可能后世再創作中司馬懿對于諸葛村夫四輪車的厚愛的鬼畜視頻實在深入人心,導致荀晏對于這點關注了好一會,隨后愉快的決定以后出來玩都得帶上諸葛瑾的弟弟們,騎射得要從小培養,不然白瞎了這東北大漢的威武體型。
幼年亮對于騎射沒多大興趣,但對于手工活很感興趣,沒多久兩人就興致勃勃掏了根炭筆開始寫寫畫畫,諸葛均看了半天發現實在看不出個什么名堂,干脆就自己溜去一旁玩了。
雖然通過半強迫式綁架的見面有些不愉快,但不得不說,這位荀氏郎君確實脾氣很好,也有點手腕,邊境的幾只勢力也不算太亂,起碼目前處于一種微妙的平衡下。

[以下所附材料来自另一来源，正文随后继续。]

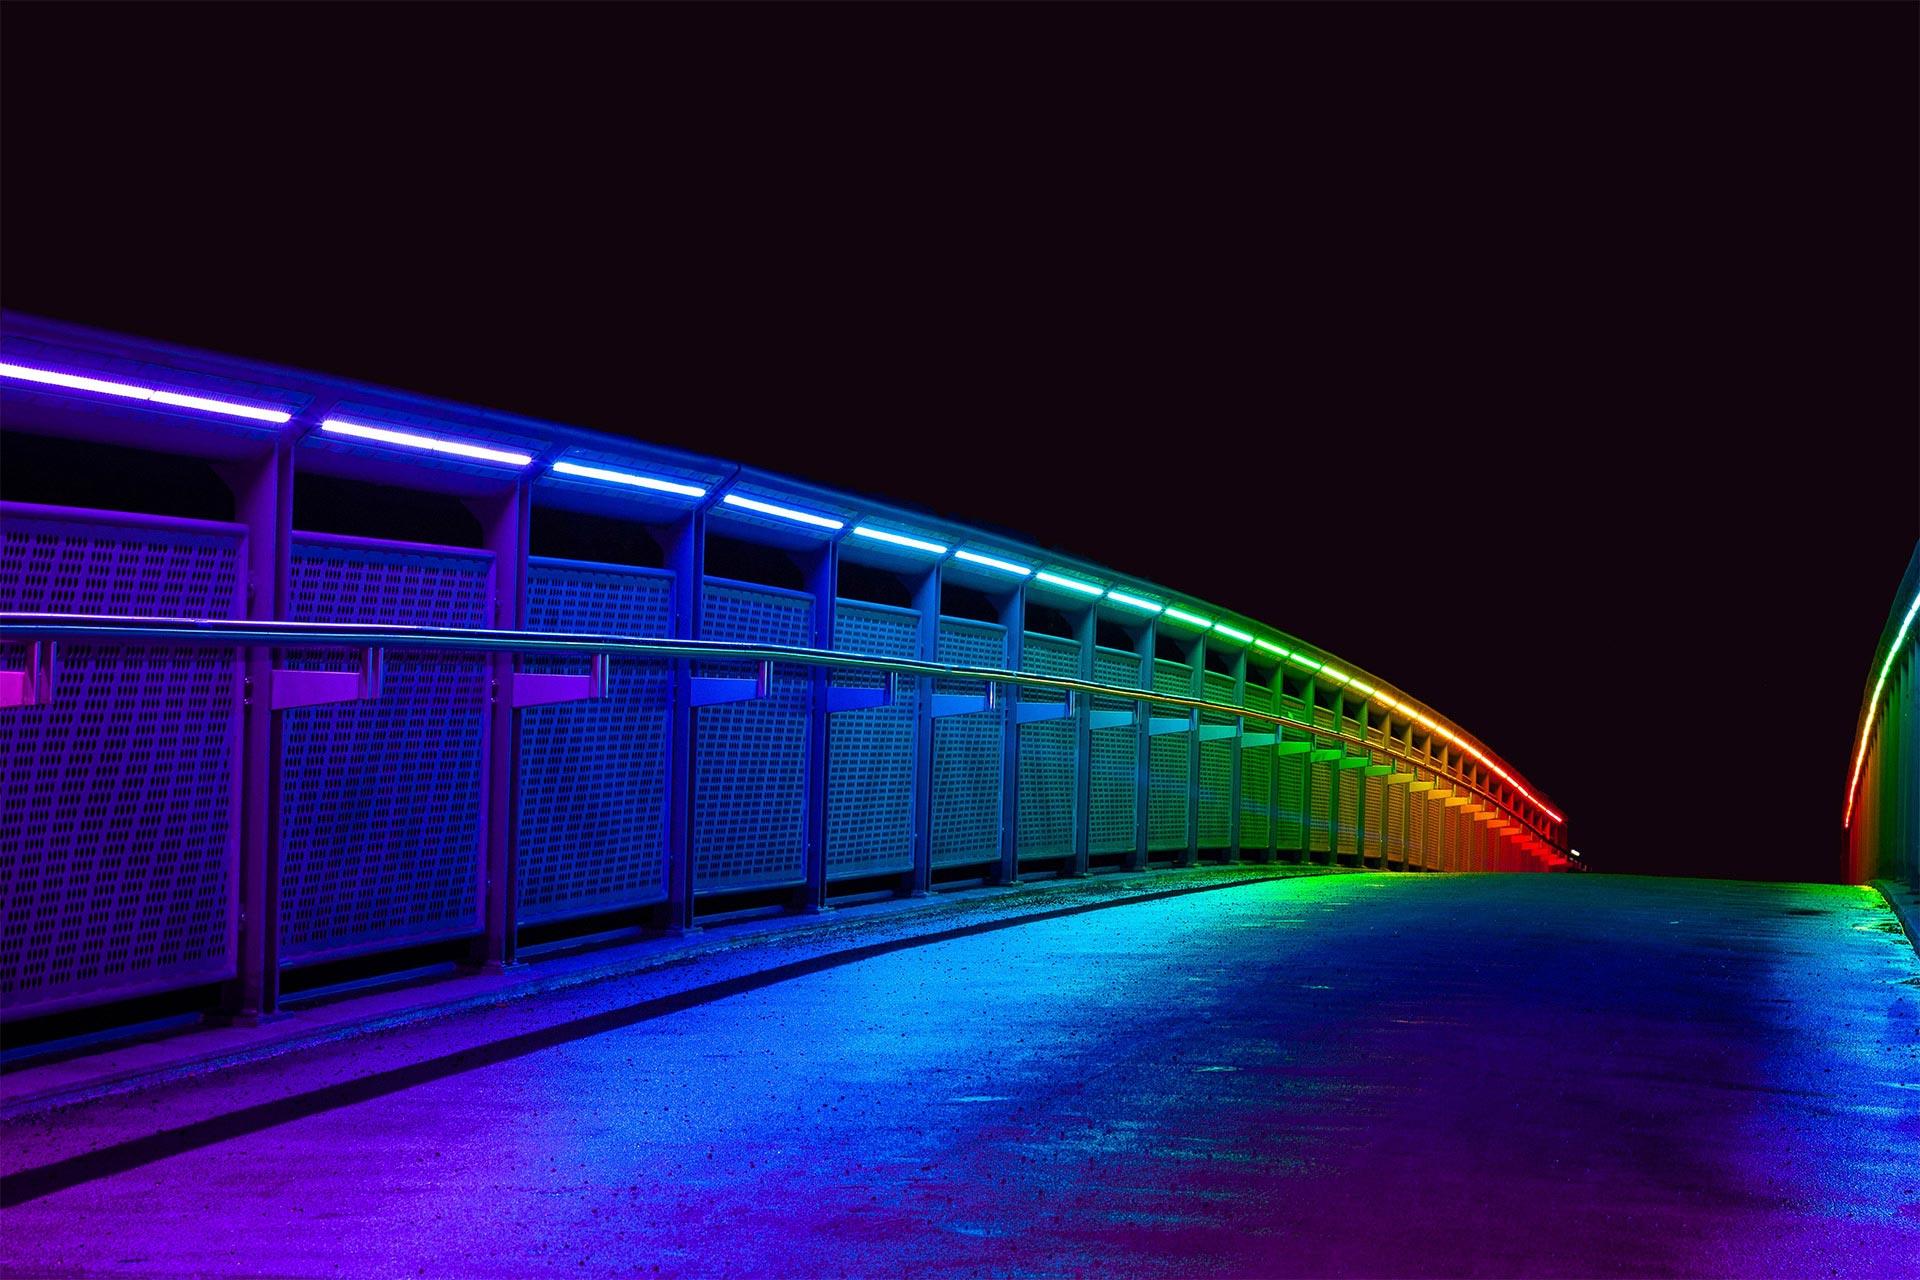 Led Licht Strip : Best alternatives to philips hue light strips in imore

諸葛亮擰著眉劃掉了荀晏剛剛畫下的一版,劃完以后才意識到了什么,抬眼看看見到身前的年輕郎君若有所思,不時掩嘴咳嗽一陣,不見怒意。
“將軍,”他喚道,“既然病愈,也不必諸事皆交予兄長了。”
荀晏茫然抬了抬頭,然后無事發生的低下了頭在紙上戳來戳去,假裝沒有聽到。
他不喜歡冬天還要出去找人麻煩,這個季節理應大家都窩在暖烘烘的被窩里,暢想著來年應該怎么過得更好,只是有些人實在是扎眼到難以忽視。
實話說他不喜歡和那些本地世家打交道,尤其是他們中有很多頑固分子擁有大量的武裝力量與錯綜復雜的聯結。
諸葛瑾在處理這些事情上比他要得心應手得多,青兗世族不是很喜歡他這個來自豫州大族的別駕,最離奇的是他們還往許都送投訴信,責罵荀彧他沒有管束好族中子弟,俗稱告狀。而荀彧的回信往往在許都送往泰山的漫漫長路上因為各種意外而丟失。
諸葛亮不知道從哪兒薅了根羽毛戳到了裝死的將軍面前,他托著臉,帶著一種少年老成的神色嘆了口氣,眼中卻又帶著些狡黠。
“阿嚏”荀晏打了個噴嚏,他退后了一點,“你看,晏尚在病中。”
諸葛亮微微瞪
圓了眼眸,看著眼前這個三天兩頭要帶他學騎射,早上視察農墾,下午研究連弩,中間抽空還能把近日調撥算完的人。
荀晏變本加厲,不知從哪兒掏出來一打賬冊送到了只有十七歲的諸葛亮手上,轉頭虛弱的咳嗽了幾聲。
“晏有心無力,只恨體弱無法親力親為,不知孔明可愿助我”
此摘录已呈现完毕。